Nasdaq Inc.’s push for greater diversity in corporate boards faces a key hurdle as regulators are poised to rule on the exchange operator’s proposal to include gender and race in its listing rules.

Staffers at the Securities and Exchange Commission are expected to release a decision Friday on whether to approve or reject Nasdaq’s proposed changes. Under the proposal, Nasdaq-listed companies would need to meet certain minimum targets for the gender and ethnic diversity of their boards or explain in writing why they aren’t doing so.

For most U.S. companies, the target would be to have at least one woman director, as well as a director who self-identifies as a racial minority or as lesbian, gay, bisexual, transgender or queer. Companies would also be required to disclose diversity statistics about their boards. Nasdaq found in a review conducted before submitting its plan late last year that more than three-quarters of its listed companies wouldn’t have met its proposed requirements.

Republicans on the Senate Banking Committee and some conservative groups have criticized the plan, saying Nasdaq is overreaching and pursuing a political agenda. Democrats on Capitol Hill and corporations such as Goldman Sachs Group Inc. and Microsoft Corp. have voiced support for the proposal.

The SEC must sign off on changes to stock exchanges’ listing rules. Nasdaq filed its proposal with the agency in December 2020, setting off a 240-day period for commission staffers to make a decision. That period expires Sunday. In such situations, the SEC typically releases its decision ahead of the weekend.

So far, the agency has been quiet on Nasdaq’s diversity push.
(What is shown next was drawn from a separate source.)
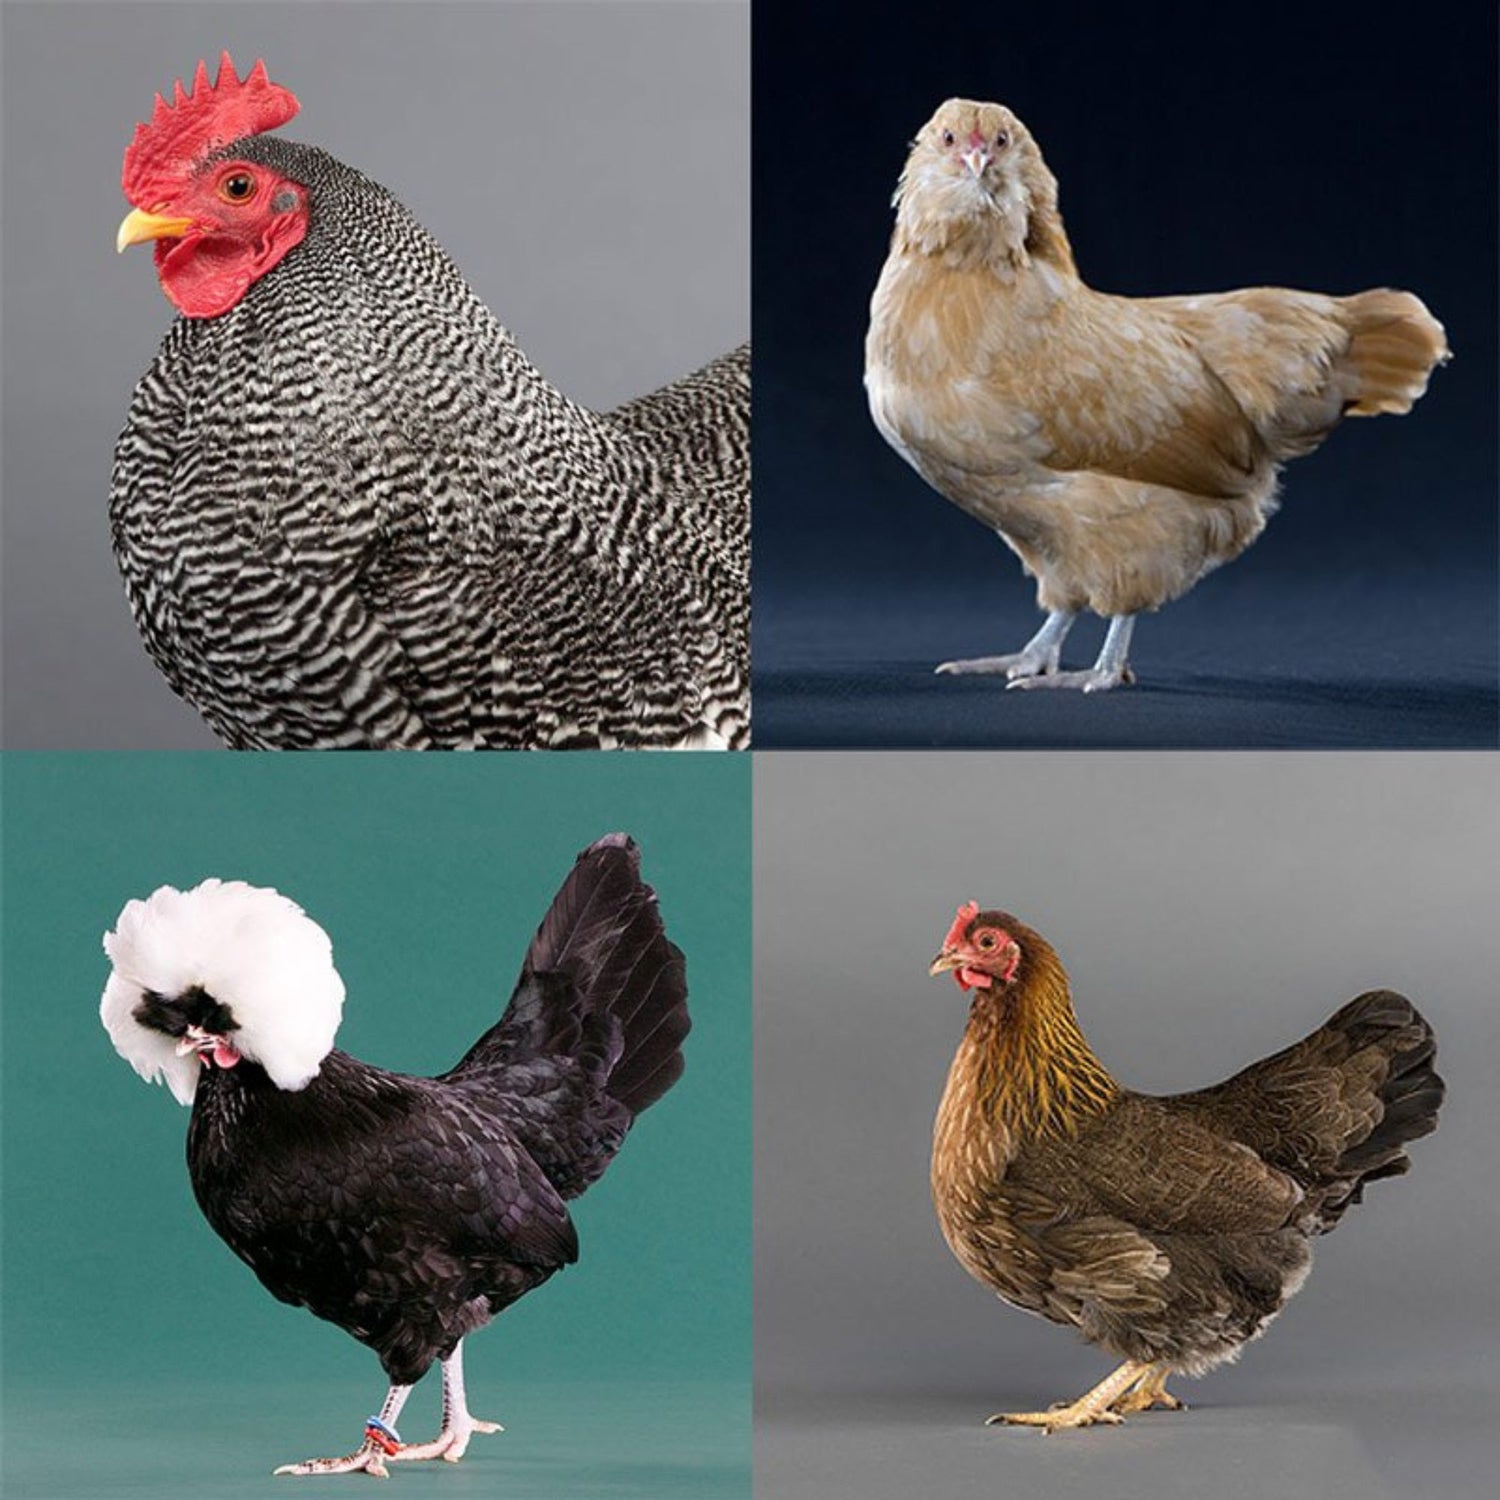 Photos of Bantam chickens
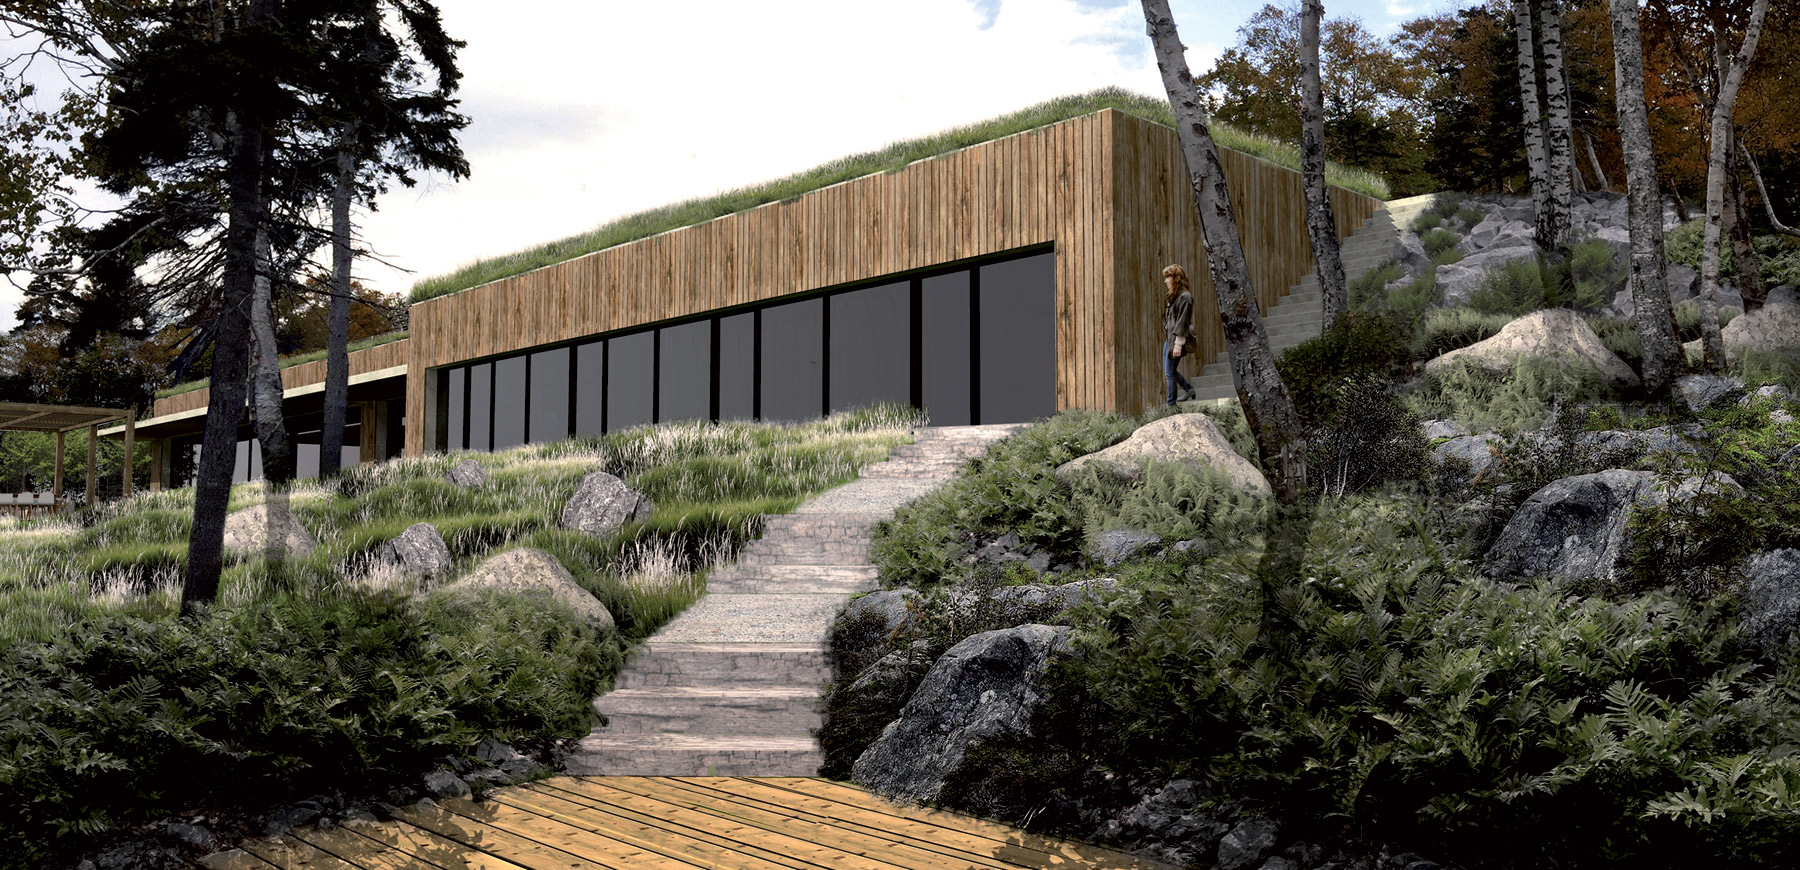 Projekt krajinné architektury v Novém Skotsku v Kanadě

SEC Chairman Gary Gensler, an appointee of President Biden, said during a confirmation hearing in March that companies benefit from diversity on their boards. But he didn’t take a stance on Nasdaq’s proposal.
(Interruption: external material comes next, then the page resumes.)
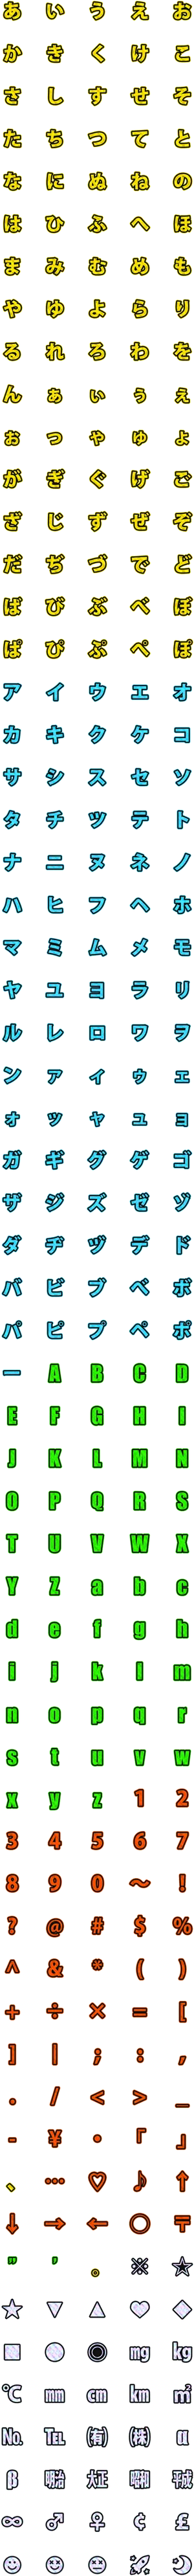 Colorful Sparkle Emoji Pattern PNG image

SEC staffers might not have the final word on the plan. Under agency procedures, one of the SEC’s five commissioners can call for a review of the staff’s decision or an outside group can petition for such a review. That would require the commissioners to approve or reject Nasdaq’s diversity proposal in a majority vote, following an additional review that could take months.

Critics of Nasdaq’s plan have warned that it could be challenged in court. Some conservative groups have argued that the exchange’s diversity rule, if implemented, would violate the U.S. Constitution and civil rights laws.

“The proposed rule is racist and sexist in that it mandates that firms establish quotas and discriminate based on sex, skin color, ethnicity or sexual orientation,” David Burton, a senior fellow at the Heritage Foundation, told the SEC in a January letter.

Lawyers for Nasdaq say the rule wouldn’t violate any laws. Nasdaq has rejected characterizations of its proposed rule as a mandatory quota system, since companies would have the option of filing a written explanation for why they weren’t meeting the diversity targets.

The exchange operator also amended its initial proposal to make it easier for small companies to comply. One of the changes, for instance, allows companies that have five or fewer directors to meet the targets with just one board member from a designated diverse background, rather than two.

Nasdaq argued that its proposed rule change would benefit investors. The exchange operator cited studies that found companies with more diverse boards tended to have stronger corporate governance and financial performance.

A variety of Wall Street initiatives have sought to bring more diversity to U.S. corporate boards, which remain heavily white and male.

Asset managers such as BlackRock Inc. and State Street Global Advisers have pushed their portfolio companies to appoint more women as directors. Last year, Goldman said it would no longer underwrite initial public offerings of companies in the U.S. and Europe unless they had at least one “diverse” board member. The bank recently raised that target to two diverse directors.

An analysis released in June found that big U.S. companies significantly boosted the share of new directors who are Black or Latino this year, and have added more women to their boards in recent years.

Nearly 75% of new independent directors at companies in the S&P 500 are women or belong to a racial or ethnic minority, up from about 60% last year and 31% a decade ago, according to the analysis by board and executive recruiting firm Spencer Stuart.

Still, the shift left around 80% of board seats occupied by white directors and about 70% by men. About 11% of S&P 500 board members are Black, 4% are Latino and 6% are Asian, Spencer Stuart found.